Atrás quedaron los años cuando Olga Sánchez Cordero, siendo ministra de la Corte, votaba como inconstitucional el decreto del presidente Peña para la regularización de la televisión digital. Ahora, en su calidad de presidenta de la mesa directiva del Senado, se da el lujo de decidir no realizar ningún acto que vaya en contra de la voluntad presidencial, incluyendo el avalar un decretazo a todas luces violatorio de la Constitución. Doña Olga decidió en contra del 43 por ciento de la Cámara, no interponer controversia constitucional por esta acción.
Las formas de valorar los mismos actos han cambiado con los años y, por qué no decirlo, con la militancia morenista parece que antes se decidía en razón de la ley. Ahora se hace en razón de lo que se diga en el Palacio Nacional, la cereza del pastel que faltaba después de su paso gris por la Secretaría de Gobernación.

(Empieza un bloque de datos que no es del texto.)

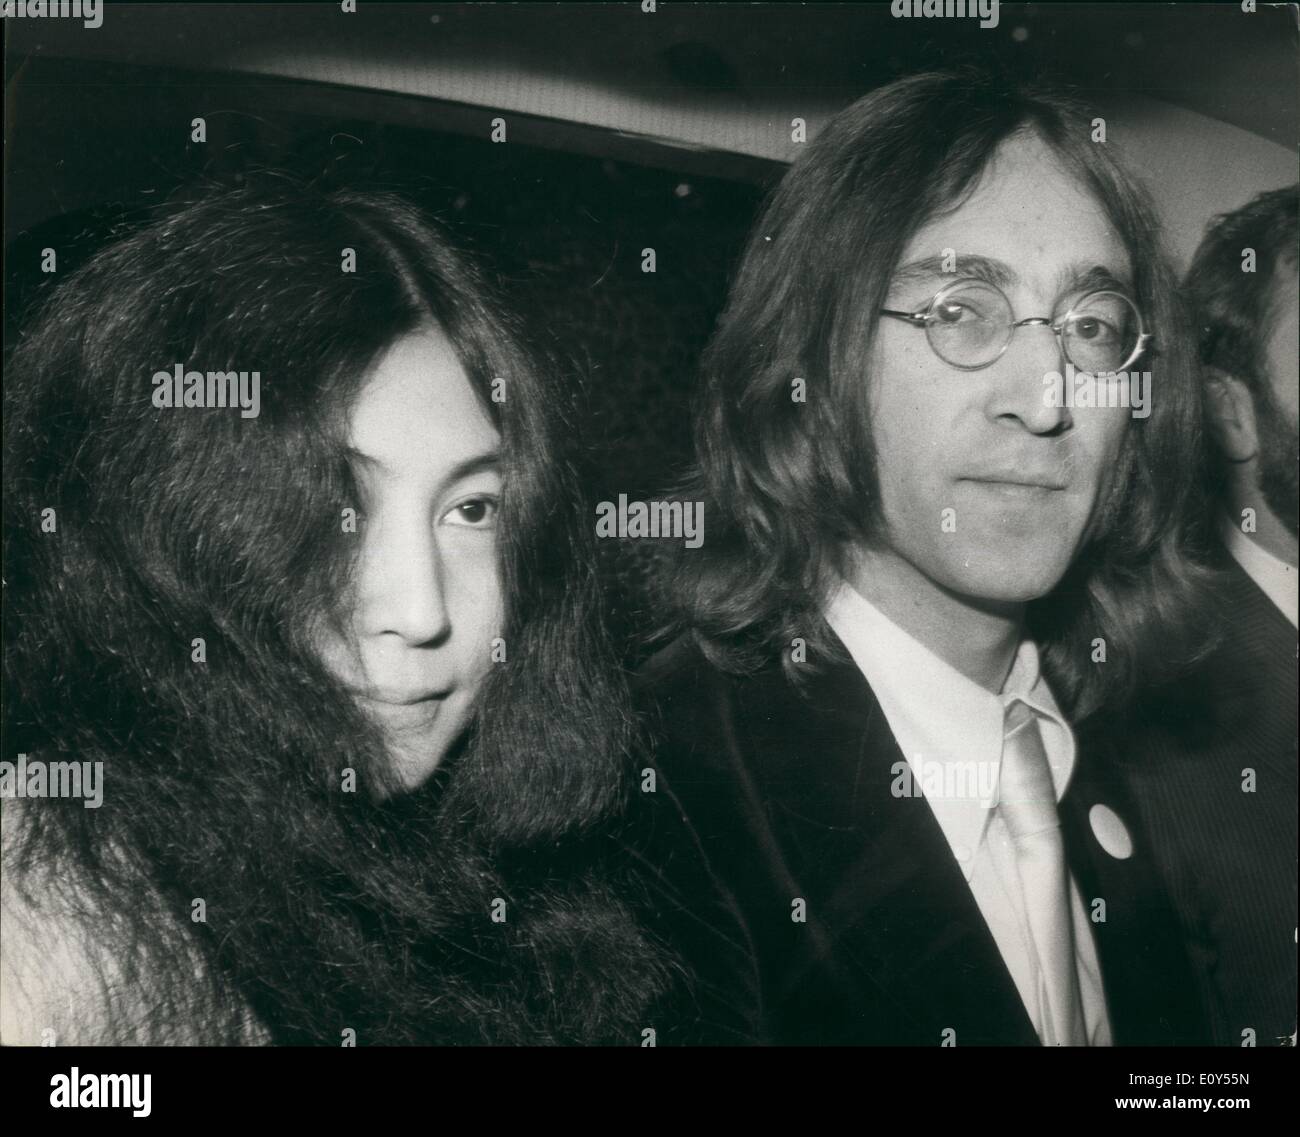 11 novembre 1968 - John Lennon en cour : John Lennon et son amie japonaise, Yoko Ono, a comparu de nouveau aujourd'hui à Marylebone cour. Le mois dernier, ils ont été placés sur ail jusqu'à aujourd'hui, accusé de possession de cannabis et d'entrave à la police dans l'exécution d'un mandat de perquisition. Sur la photo, John Lennon et Yoko Ono, représentés dans leur voiture aujourd'hui. Banque D'Images

Del INAI, que en medio de la oscuridad del autoritarismo, en votación unánime, acordó interponer la dichosa controversia constitucional vs el decretazo, que Doña Olga Sánchez se negó a hacer; recordemos que dicho decretazo presidencial determina todas las obras que el presidente Andrés decida como temas de seguridad nacional, con lo que podrían iniciar de inmediato sin la necesidad de cumplir con los requerimientos mínimos, como estudios de impacto ambiental, consultas a pueblos indígenas, viabilidad y cuanta cosa usted se imagine. Literalmente era hacer lo que el dedito de Andrés dijera… solo que, gracias a su autonomía, el instituto nomás no lo dejó. Aquí es donde la lucha por defenderla demuestra que valió la pena; los organismos autónomos no deben bajar la cabeza ante el poder, pues son los encargados de mantener a la democracia por encima de cualquier intento de autoritarismo.
Parece ser que todo va por buen camino. La Corte ya paró en seco los primeros efectos del decretazo. Por el momento, aunque no lo ha declarado inconstitucional, ya emitió resolución para impedir que las obras del presidente sean declaradas como de seguridad nacional, por lo que toda su información será pública les guste o no; otra vez, no les salió.